Developers and ops people sometimes have different perspectives on why a deployment went wrong. Was it the code? Or the infrastructure? In the end, it’s the user that suffers, and that user doesn’t care about why your product was broken. They just want it to work, so they can do their work.
It really did work in staging
Everyone on the team wants to get things right the first time, deploying a quality product with every feature release. That’s why development teams adhere to deployment best practices. They write tests. They write code. They test that code in staging environments that mimic the production environments that code will run in… as closely as possible. Every member of the team approaches projects with not only best practices, but with the best intentions. But, as the saying goes, we’re all only human.
Sometimes humans miss things
A slightly different network configuration here, an older version of a PHP extension or NPM module there, and suddenly the places where code is being tested before launching it to the world aren’t quite perfectly in sync. And the code that ran fine in QA falls down in production. It gets worse when teams meet bottlenecks. For example, a limited set of environments, or worse, a single staging environment that code has to pass through. Who hasn’t done a ‘hotfix’ to resolve a critical problem in prod (without the same testing process we’d normally use) because we couldn’t wait to send it through QA or staging environment in use by others?
It really was a code change
Or maybe it was a different version of the XYZ module after all? How do we know? Often management of code and infrastructure configuration are siloed, sometimes driven and managed by separate teams. Though software development has come a long way — test-driven development (TDD), rigorous code review processes, automated testing, and more — it remains rare to manage the whole system including infrastructure and data with the same tools and process. As a result, it’s difficult to tell at a glance which change to the system was the direct cause of a fault, and sometimes it’s hard to know that the system state has changed at all. That’s due, in large part, to having separate tools and processes to manage change in code versus infrastructure, dev versus ops.
How to drive DevOps alignment
Developers are measured by the features they ship. Ops is measured by uptime and performance. The most important person, the user, doesn’t differentiate between who’s at fault if the product/site/service/experience you’re offering them falls short of their expectations. How do we solve for the user’s concern and deliver features they want, and reliability they expect?
It’s time to stop working in silos
Development and ops need to take a unified approach to managing change. The scripts and tools that manage infrastructure should be subject to the same process and rigor, and managed as a system, instead of independent parts. At a glance, you should be able to tell when a version of a runtime was updated, or an application code update was made.
Trust the machines
When humans are involved, drift happens.
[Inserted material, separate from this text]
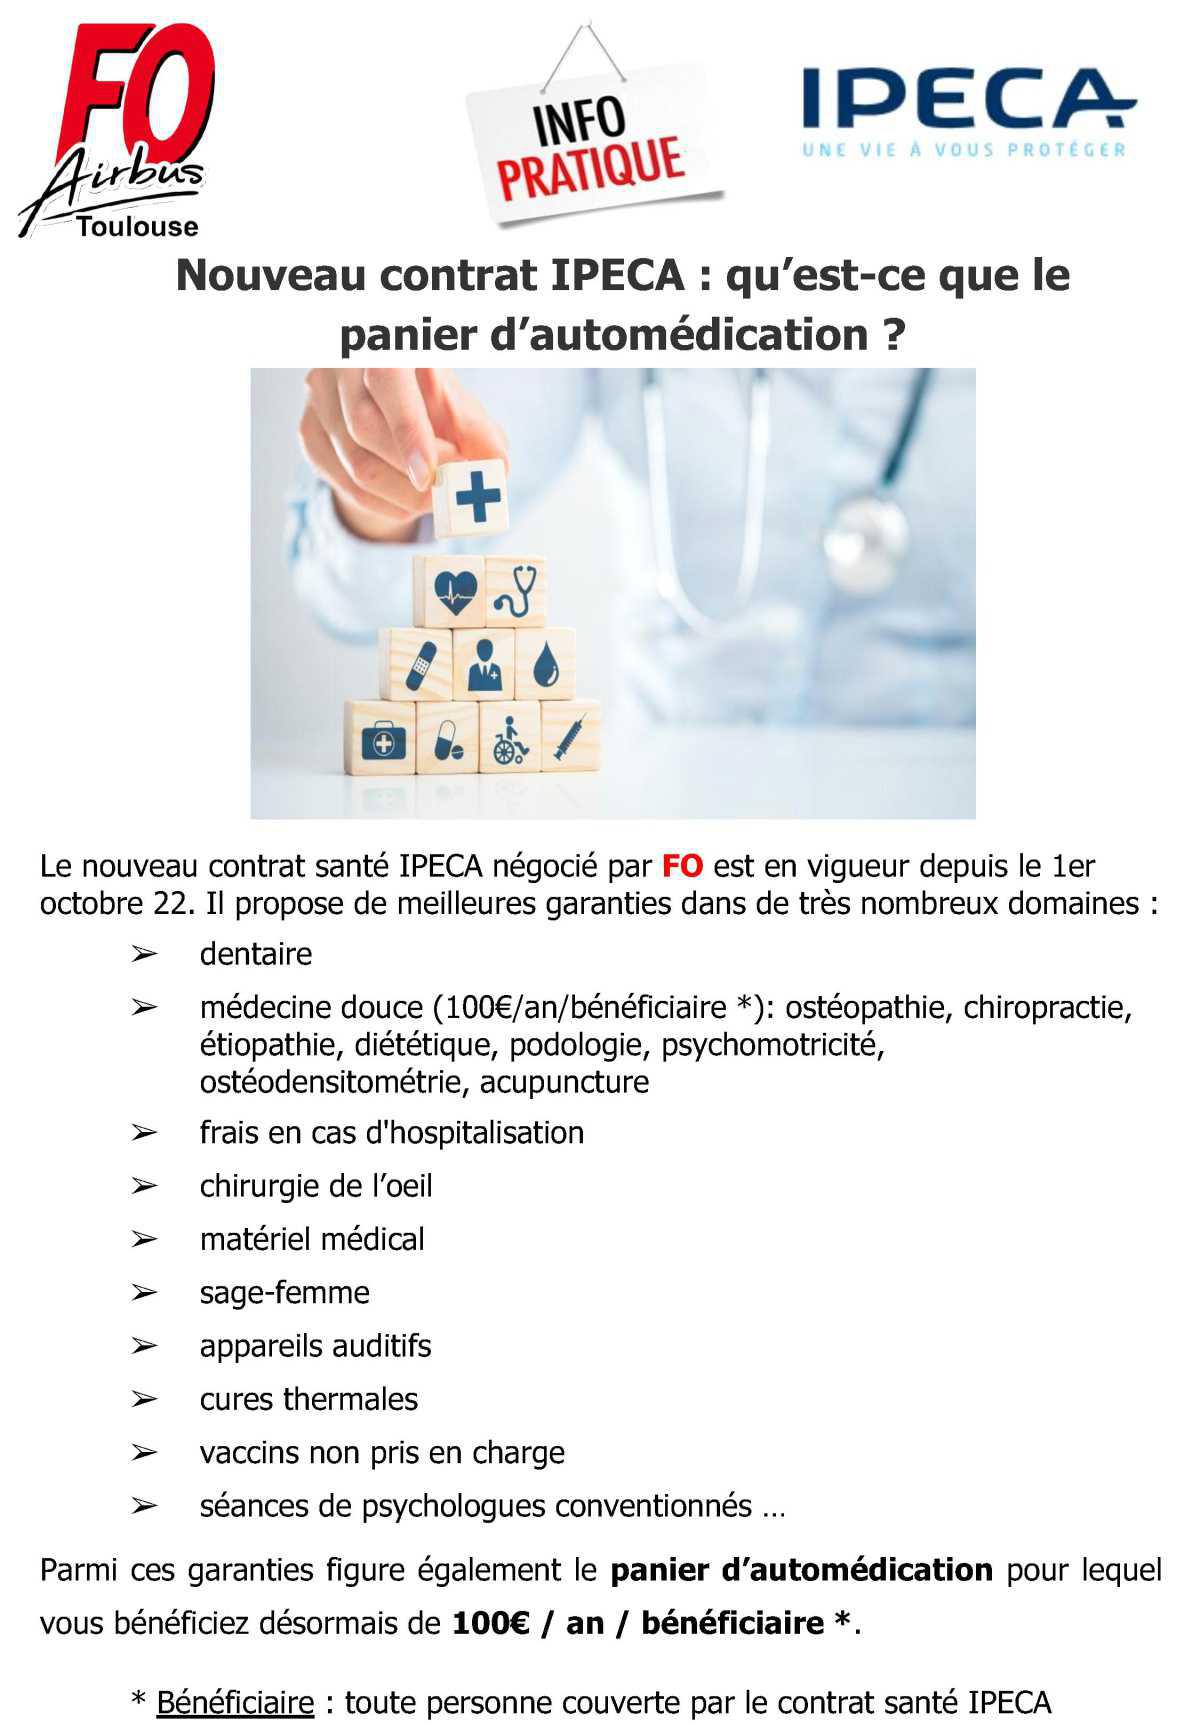 Nouveau contrat IPECA : qu'est-ce que le panier d'automédication ?

Changes that are made to a production configuration don’t always make it back to staging and development environments. Humans take shortcuts. Humans forget things. Sometimes it’s a cost concern, sometimes it’s a technical one, sometimes it’s just human error. But when differences emerge, systems break, and tests are no longer valid. Automation is the answer. Replicate all changes made to production environment configurations to your staging and dev, from infrastructure configuration to code. Oh, and let’s not forget about the impact of data. You’ll want to sync your production data (scrubbed as needed) back to your other environments to get a true “like for like” test. All of this automation can be difficult and time consuming, not to mention expensive. Therefore, it’s uncommon. Further, due to organizational, process, and tooling silos, “dev,” “stage,” and “prod” are only loosely linked in many organizations. So it’s a challenge just to get access to the systems that need to match.
Get non-linear
System stability is often negatively impacted by human activity. We humans break rules. We find workarounds. We do things ever-so-slightly differently each time, especially when we’re tired or stressed or hungry. When we’re faced with a demand to ship, under pressure, we may overlook some testing. Or work around a congested staging environment and commit to prod. To prevent this, dev and ops teams should again work towards greater automation and deploy tools that allow them to work in parallel, rather than in series, on environments that closely mimic production systems.
Try and get more predictable
The mantra of a DevOps culture should be “automate everything.” Trust the machines. Once deployments become sufficiently automated, they become non-events. You should be able to deploy your system at any time — even on a Friday afternoon. Getting there requires both organizational alignment around the goal of predictability with speed, as well as the right toolkit. That combination enables teams to deliver what users care about — reliable, featureful apps that run well, all the time.